I am trying to write a unit test for a function which uses pd.read_parquet()
function and I am struggling to make it work. I have the code below
from moto import mock_aws
import pandas as pd
import pytest
import datetime as dt
import boto3
from my_module import foo
@pytest.fixture
def mock_df():
cols = [
"timestamp",
"value"
]
values = [
[dt.datetime(2024, 1, 1, 0), 2.57],
[dt.datetime(2024, 1, 1, 1), 1.41],
[dt.datetime(2024, 1, 1, 2), 2.06],
]
df = pd.DataFrame(values, columns=cols)
return df
@mock_aws
def test_download(mock_df):
bucket_name = "test-input-bucket"
s3 = boto3.resource("s3", region_name="us-east-1")
s3.create_bucket(Bucket=bucket_name)
key1 = "s3://test-input-bucket/path/to/data.parquet"

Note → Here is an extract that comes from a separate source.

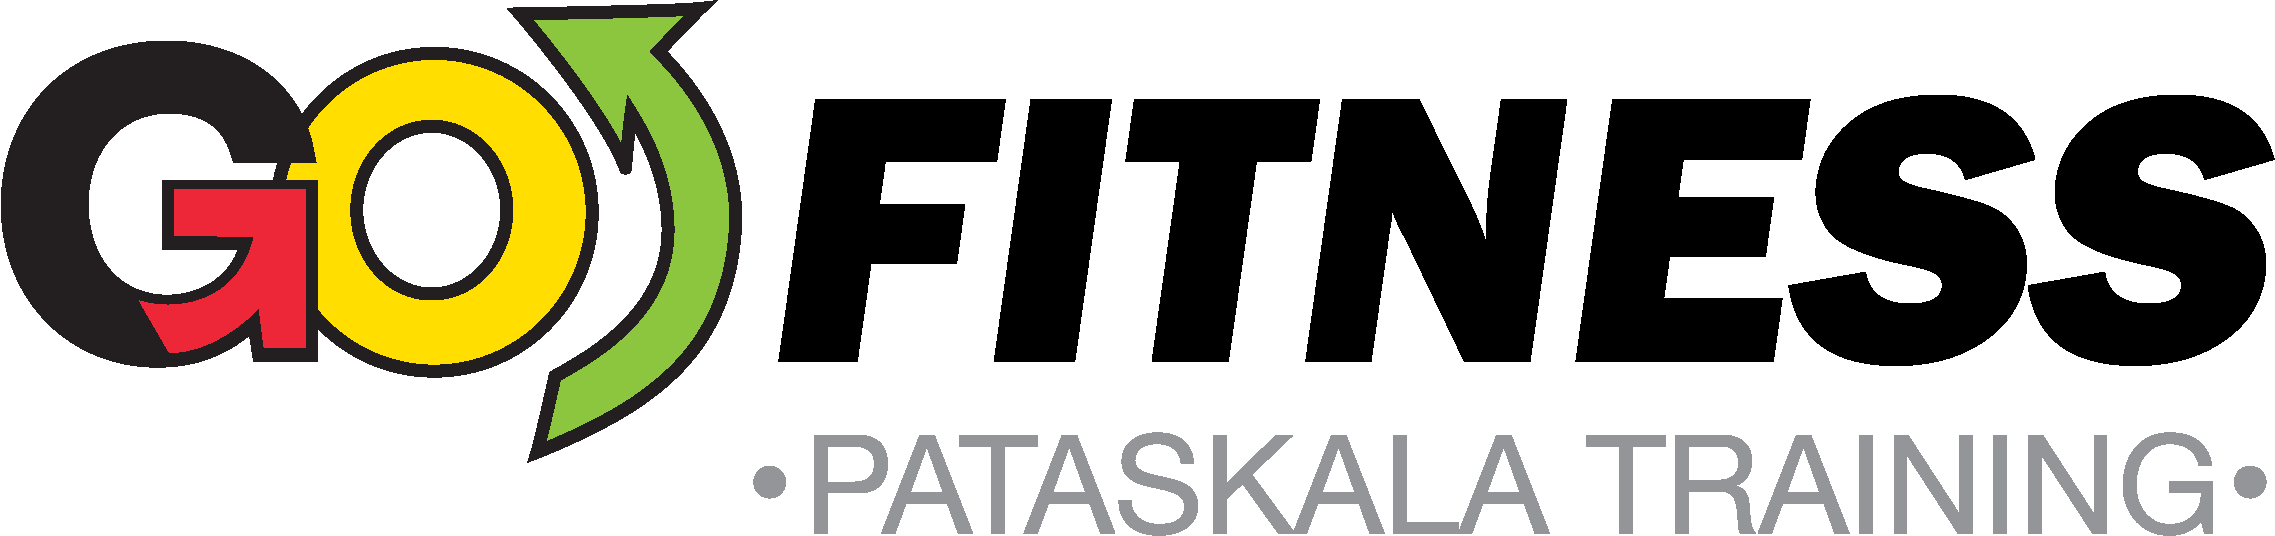 GO: Fitness Training – Pataskala

mock_df.to_parquet(key1) # code fails already here
foo() # uses pd.read_parquet()
But I am getting this error
OSError: When initiating multiple part upload for key 'path/to/data.parquet'
in bucket 'test-input-bucket': AWS Error INVALID_ACCESS_KEY_ID during
CreateMultipartUpload operation: The AWS Access Key Id you provided does not exist in our records.
I am getting the same error whether I use to_parquet
or try to use read_parquet
. Everything works fine, if I use something diffrent for the upload and download, like
s3_bucket.put_object(Key=key1, Body=mock_df.to_parquet())
However I am not interested in replacing the pandas functions as it is not possible in my situation and need to find a way to mock S3 while using them. Is there a way to make moto
work with these functions?
EDIT: I am using these versions
boto3 1.28.64
botocore 1.31.64
moto 5.0.3
This fixed the issue on my end. I am not 100% applies to every single case.
On our end we narrowed the issue indeed to using to_parquet
or read_parquet
in tests.
Using fastparquet
as the engine (engine='fastparquet'
) seemed to provide a solution, but for us it wasn't always possible.
For some reason, pyarrow
wants credentials, whereas other packages don't care. Adding credentials and forcing them at the creation of the connection did the trick for us.
So something like
@pytest.fixture
def aws_credentials():
"""Mocked AWS Credentials for moto."""
os.environ["AWS_ACCESS_KEY_ID"] = "testing"
os.environ["AWS_SECRET_ACCESS_KEY"] = "testing"
os.environ["AWS_SECURITY_TOKEN"] = "testing"
os.environ["AWS_SESSION_TOKEN"] = "testing"
@mock_aws
def test_file(aws_credentials, mock_df):
with mock_aws(aws_credentials):
conn = boto3.client("s3", region_name="us-east-1")
yield conn
conn.create_bucket(Bucket="testbucket")
allowed us to have access to the bucket. Let me know if it works on your end as well.